EXERCISE MATERIAL
┄┄┄┄┄┄┄┄┄┄┄┄┄┄┄┄┄┄┄┄

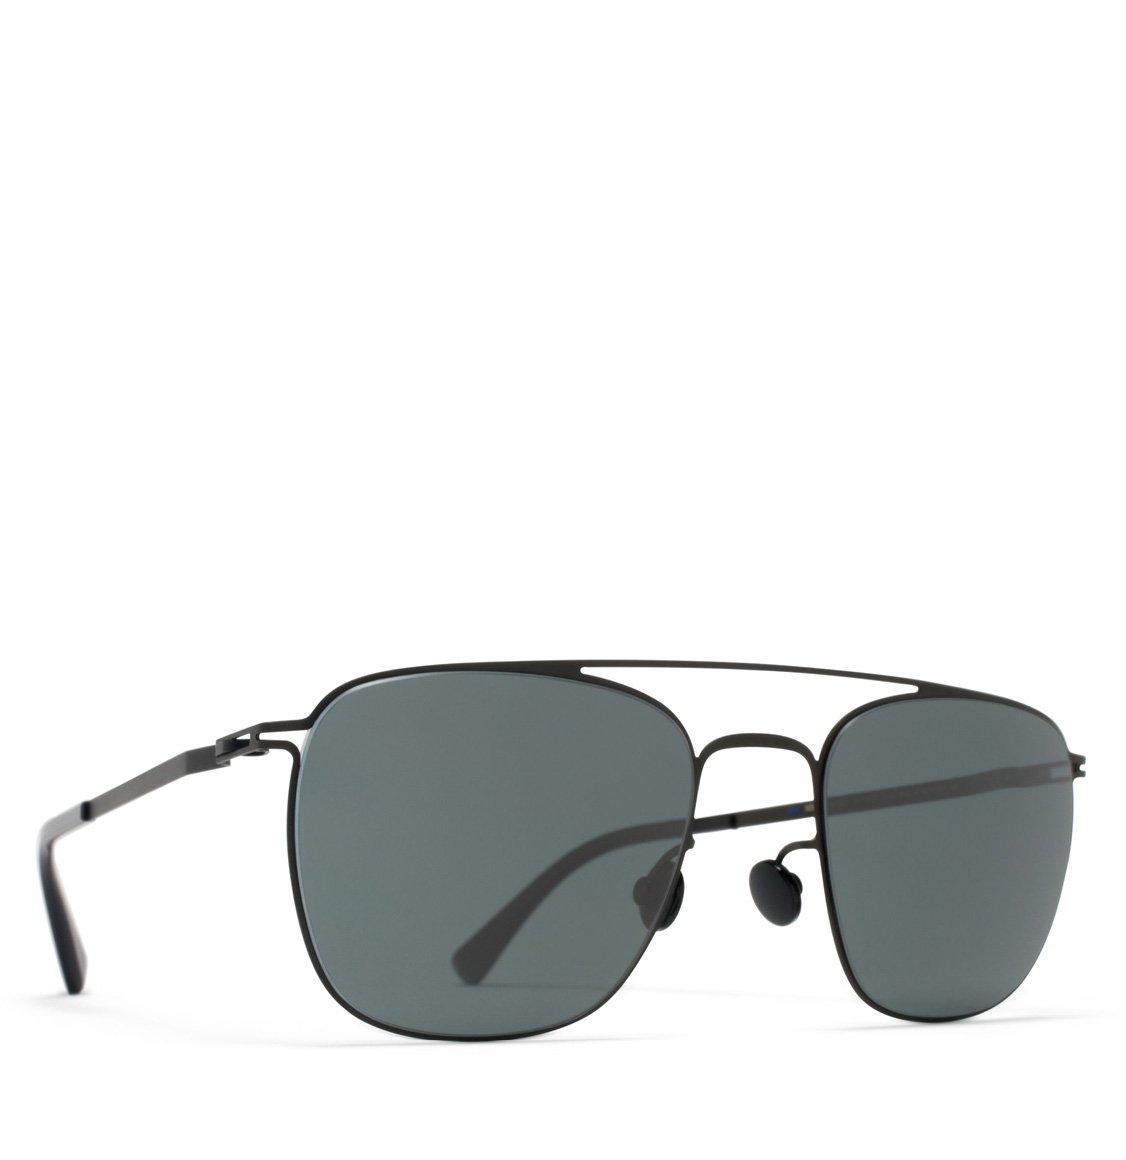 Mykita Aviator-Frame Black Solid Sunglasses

┄┄┄┄┄┄┄┄┄┄┄┄┄┄┄┄┄┄┄┄

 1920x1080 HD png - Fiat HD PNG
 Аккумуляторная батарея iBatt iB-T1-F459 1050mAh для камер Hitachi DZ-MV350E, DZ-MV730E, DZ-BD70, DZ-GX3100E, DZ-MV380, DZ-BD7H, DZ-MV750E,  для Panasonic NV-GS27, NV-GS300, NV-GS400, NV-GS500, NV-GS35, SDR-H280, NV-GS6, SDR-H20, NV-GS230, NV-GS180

┄┄┄┄┄┄┄┄┄┄┄┄┄┄┄┄┄┄┄┄

PROBLEM REQUIREMENTS
Look above for the line containing "1920x1080 HD png - Fiat HD PNG". Output from there through the line containing "Аккумуляторная батарея iBatt", exactly and inclusively.

TASK ANSWER
 1920x1080 HD png - Fiat HD PNG
 Аккумуляторная батарея iBatt iB-T1-F459 1050mAh для камер Hitachi DZ-MV350E, DZ-MV730E, DZ-BD70, DZ-GX3100E, DZ-MV380, DZ-BD7H, DZ-MV750E,  для Panasonic NV-GS27, NV-GS300, NV-GS400, NV-GS500, NV-GS35, SDR-H280, NV-GS6, SDR-H20, NV-GS230, NV-GS180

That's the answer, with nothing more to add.